Results. The more educational qualifications rural migrant worker samples received, the more likely they were to be free from CMDs. However, tertiarily-educated rural migrant worker samples enjoyed similar levels of mental wellbeing as their counterparts who had completed elementary school or below. Additionally, there was no statistical evidence to suggest that rural migrant worker samples were more likely to experience CMDs based on their job nature (non-manual vs. manual vs. self-employed vs. family business) or working hours (< 60 hours per week vs. 60-119 hours per week vs. >= 120 hours per week).

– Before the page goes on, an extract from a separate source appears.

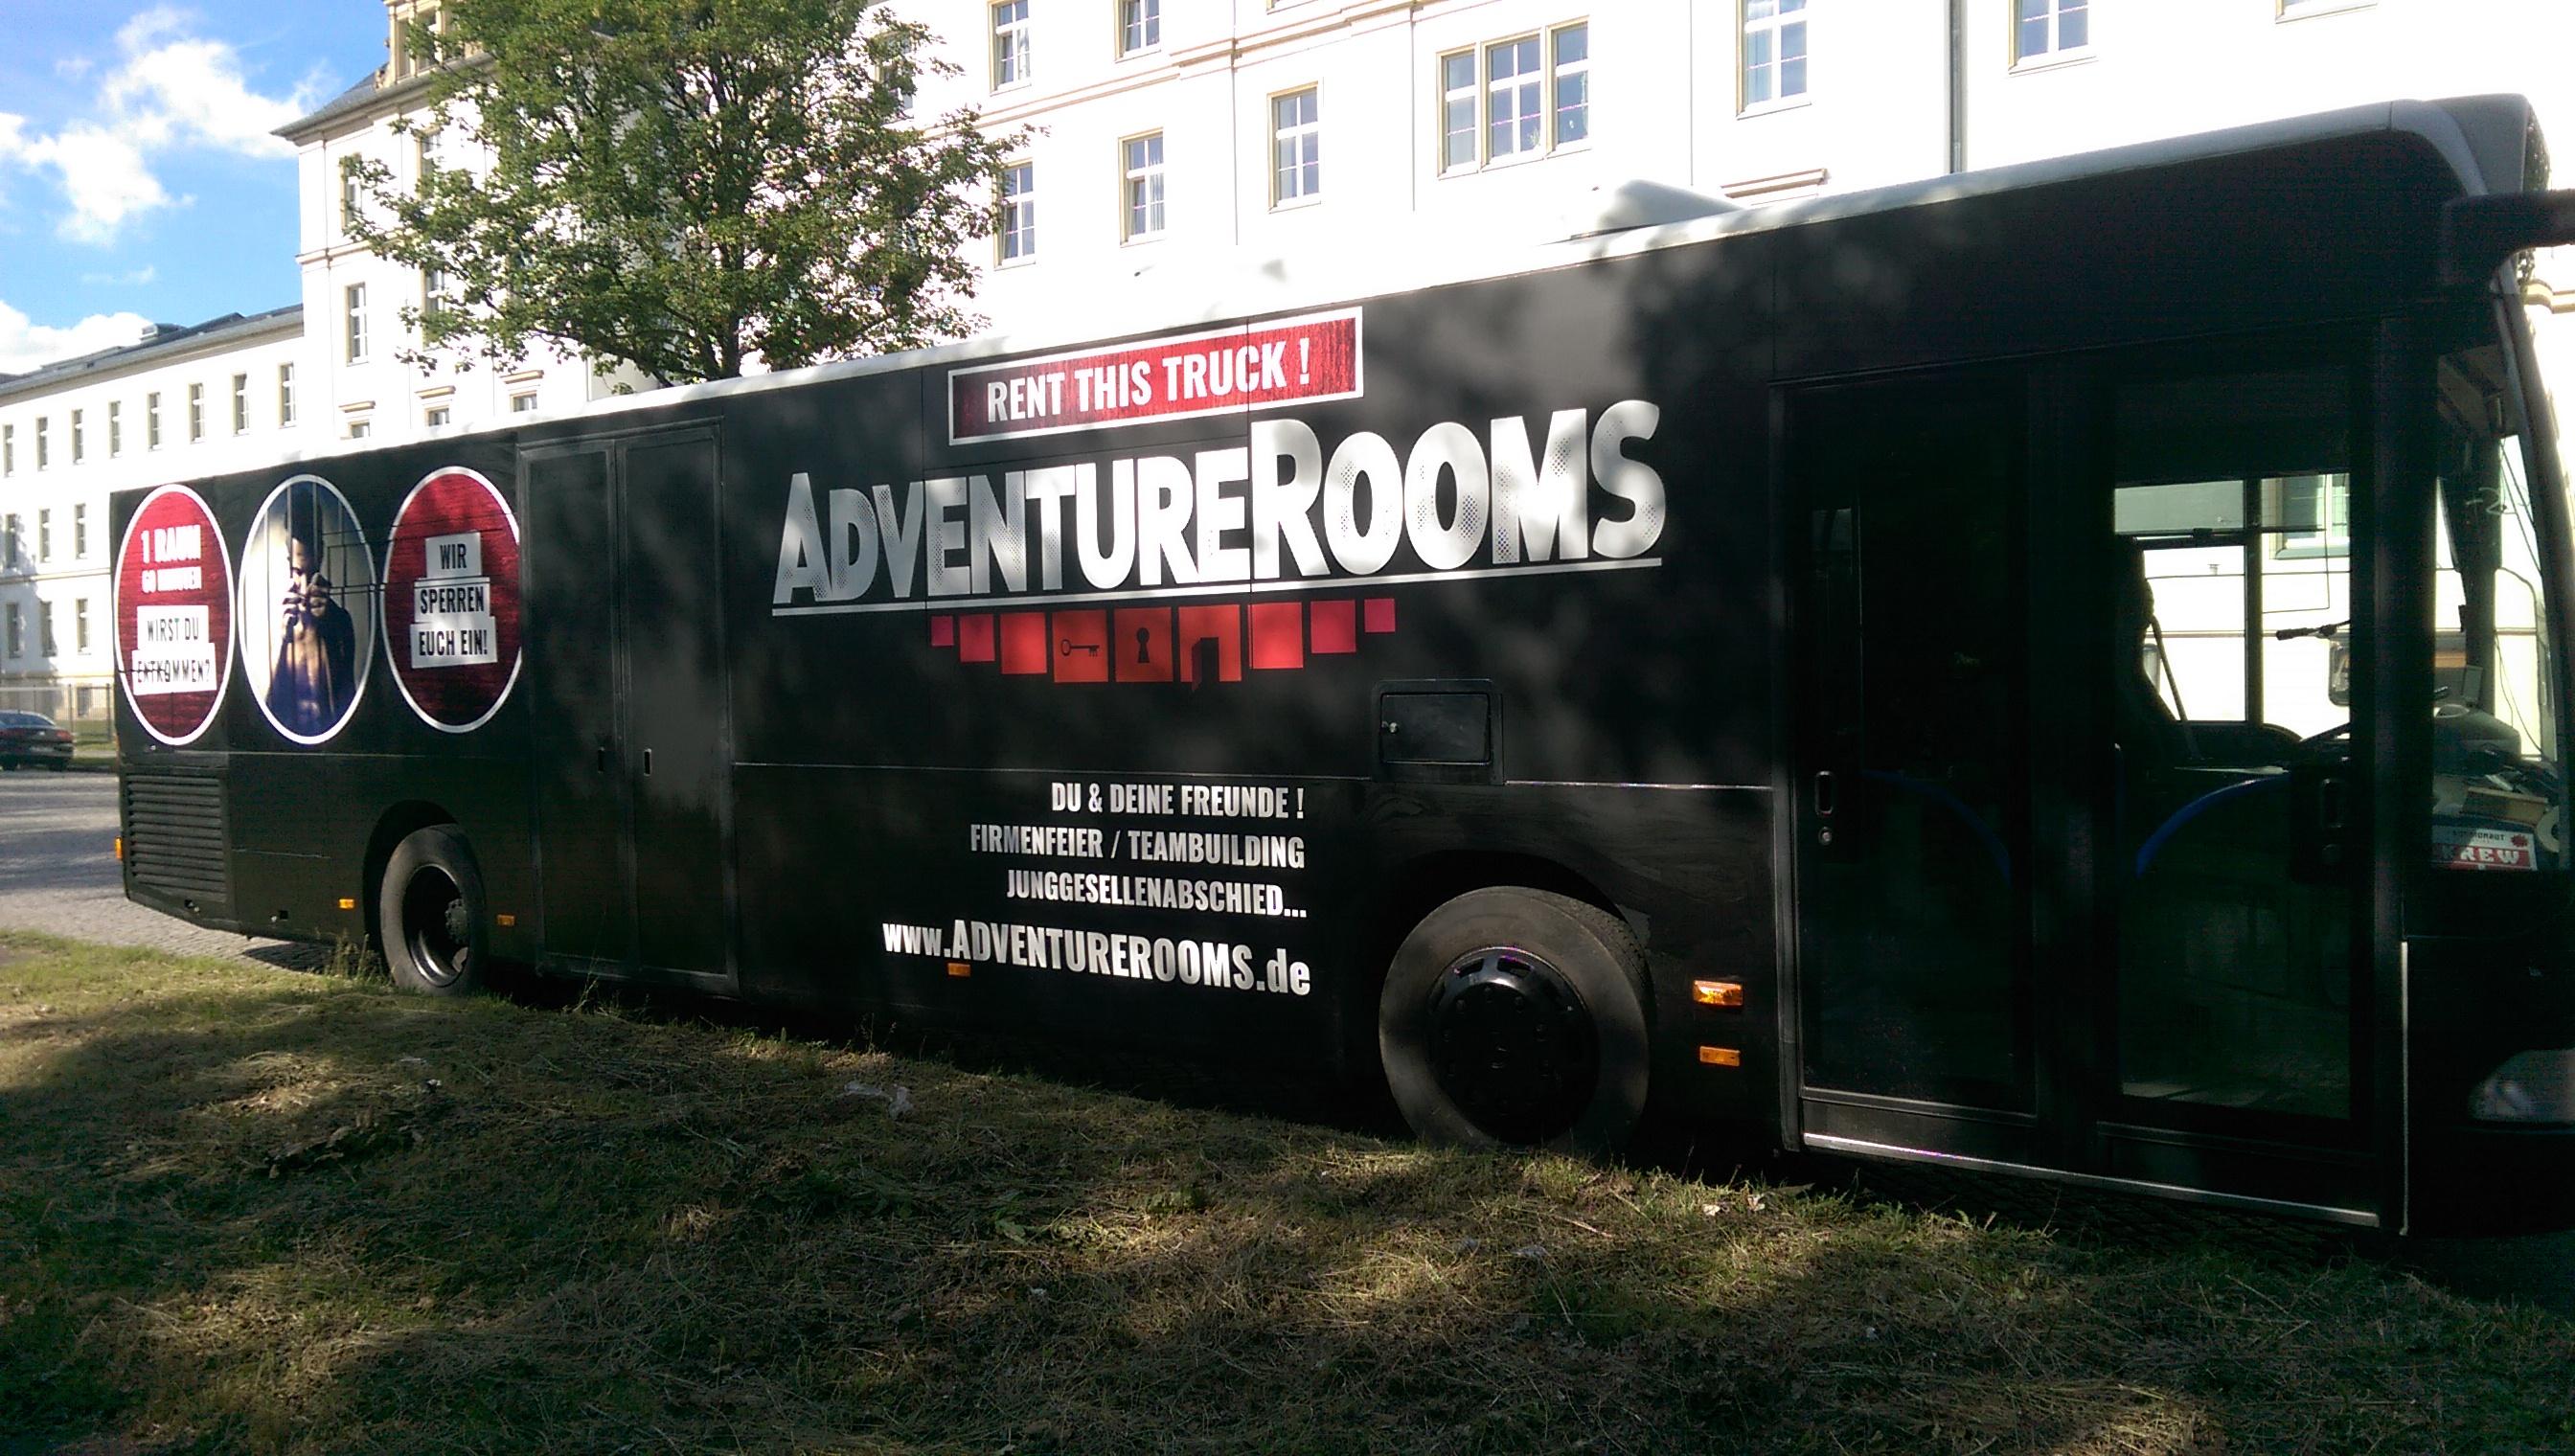 AdventureRooms on Tour mobiler Escape Game Bus

Conclusions. The optimal rural migrant workers’ educational level, in terms of maximising their mental wellbeing, was between senior secondary school and post-secondary school level. However, socioeconomic factors, namely, job nature and working hours, were insignificant determinants of mental wellbeing of rural migrant workers. Moreover, there was no evidence suggesting rural migrant workers suffered from a distinct mental wellbeing between 2008 and 2009.